Think of eBay or Amazon. You can go to the homepage and just use a keyword to find what you need but, with a few mouse clicks, you also have the option of navigating to niche areas to explore. Wit Coryssa this can be further limited by use of date, weight, specific auctioneers and other filters. The textbook example of this would be something like this: imagine how difficult it would be on a conventional database to find asses of augustus. The keyword Augustus forms part of a large number of Roman coin lot descriptions while "as" is a very common word so your search would pull in lots of irrelevant results. In Coryssa this can be accomplished by navigating from home page Roman Imperial > Augustus> and activating the tickbox under Denom to select As from the dropdown.
 
Another major feature has been the uploading of old catalogue data. While it's nice to have access to PDFs, nicer still is to have them all deconstructed into their constituent lots and their text descriptions OCR'd so they can be searchable along with all the other lots. The number of individual lots in these catalogs runs into the hundreds of thousands. This is no simple task but as of today I've single-handedly managed to get over 68,000 lots in there, covering some 160 pre-Y2k sales dating back to the late 1800's. While my free time is limited I can still manage entering a few hundred lots on a good day. My aim is to eventually get at least all the most famous sales uploaded.
 
Which leads me to the third important feature. The vision is for this to be a community driven project. For it to be the ultimate research tool it will benefit the most from its users becoming involved. This can be as simple as uploading an interesting coin you came across or reporting an error or fake. I expect that some will be enthusiastic enough that they may want to take on improving specific areas of their interest. This would be music to my ears as I'm already spread very thin. Ancient numismatics 𝑛𝑒𝑒𝑑𝑠 something akin to Wikipedia and this could become that.
 
Other features include
- Ability to adjust for inflation
- Automatic averaging of price and weight for coins in your search set
- Multiple ways to sort categories and search sets
 
Initially, this website was launched as a means of corralling the huge amount of data I needed in my ERIC book series.
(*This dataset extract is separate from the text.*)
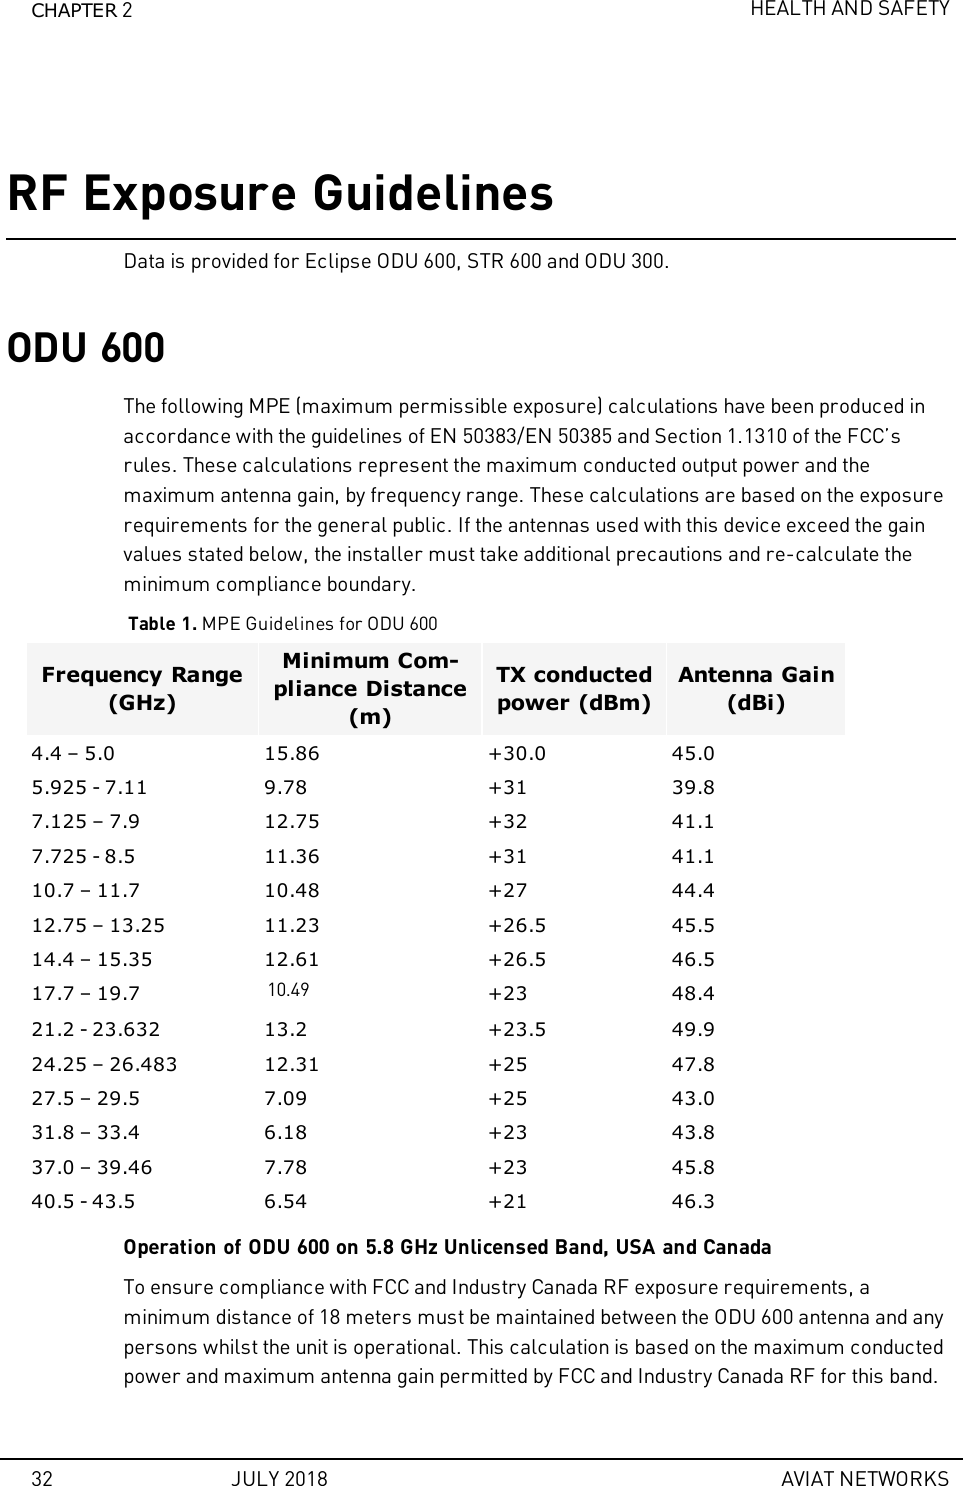 CHAPTER 2HEALTH AND SAFETYRF Exposure GuidelinesData is provided for Eclipse ODU 600, STR 600 and ODU 300.ODU 600The following MPE (maximum permissible exposure) calculations have been produced inaccordance with the guidelines of EN 50383/EN 50385 and Section 1.1310 of the FCC’srules. These calculations represent the maximum conducted output power and themaximum antenna gain, by frequency range. These calculations are based on the exposurerequirements for the general public. If the antennas used with this device exceed the gainvalues stated below, the installer must take additional precautions and re-calculate theminimum compliance boundary.Table 1. MPE Guidelines for ODU 600Frequency Range(GHz)Minimum Com-pliance Distance(m)TX conductedpower (dBm)Antenna Gain(dBi)4.4 – 5.0 15.86 +30.0 45.05.925 - 7.11 9.78 +31 39.87.125 – 7.9 12.75 +32 41.17.725 - 8.5 11.36 +31 41.110.7 – 11.7 10.48 +27 44.412.75 – 13.25 11.23 +26.5 45.514.4 – 15.35 12.61 +26.5 46.517.7 – 19.7 10.49 +23 48.421.2 - 23.632 13.2 +23.5 49.924.25 – 26.483 12.31 +25 47.827.5 – 29.5 7.09 +25 43.031.8 – 33.4 6.18 +23 43.837.0 – 39.46 7.78 +23 45.840.5 - 43.5 6.54 +21 46.3Operation of ODU 600 on 5.8 GHz Unlicensed Band, USA and CanadaTo ensure compliance with FCC and Industry Canada RF exposure requirements, aminimum distance of 18 meters must be maintained between the ODU 600 antenna and anypersons whilst the unit is operational. This calculation is based on the maximum conductedpower and maximum antenna gain permitted by FCC and Industry Canada RF for this band.32 JULY 2018 AVIAT NETWORKS

To this end, I started sucking in all the Roman Imperial and Byzantine coins I came across. However, sensing that it could be useful to others (and an eye to future monetization) I added support for other periods and launched it as "Coinvac" back in 2009. A few years later, during which time I couldn't manage to not get so much as a single subscriber, I went back to the drawing board and relaunched it as Coryssa with no paywall, but left it running on autopilot for the most part.
 
Which brings me to the disadvantages. No point in overselling it, there are some important weaknesses. First of all, outside of my two specialty areas (Roman Imperial and Byzantine) the indexing is still largely accomplished by machine. The autopilot feeds data and sorts into categories according to pre-defined queries. It's roughly ok overall but having limited experience in these periods, and even less time to actively curate them, it's... messy. Expect to come across grossly mis-categorized records, oodles of fakes sucked in from Ebay, missing images or garbled text, etc. I deleted the entire Medieval section for lack of interest and to save space. With it also went almost all Oriental coinage too. In an effort to improve the signal-to-noise ratio I've deleted large swathes of group lots, fakes (esp. ebay ones) and have a standing policy of not even bothering with data entry of old catalog lots unless they're accompanied by photos. Plus it's actually getting worse. As I find myself with increasingly less free time I've gotten into the habit of outright ignoring non-RI/Byz periods to focus only on the data I need for ERIC -- still the primary drive after all these years. This means that as I upload old catalogues nowadays I tend to just skip right over the Greek, Republican and Provincials and end right at the last Byzantine lot. So, effectively, the catalogs being entered are heavily skewed in these periods to the detriment of all others. It's just too much, sorry :- (
 
Secondly, searching in an indexed database with many tables and fields is very compute-intensive (at least with the current coding framework). Be a little forgiving of response times, especially in the first few days while the system is still caching and the effect of the expected initial wave of visitors. In time this will get better.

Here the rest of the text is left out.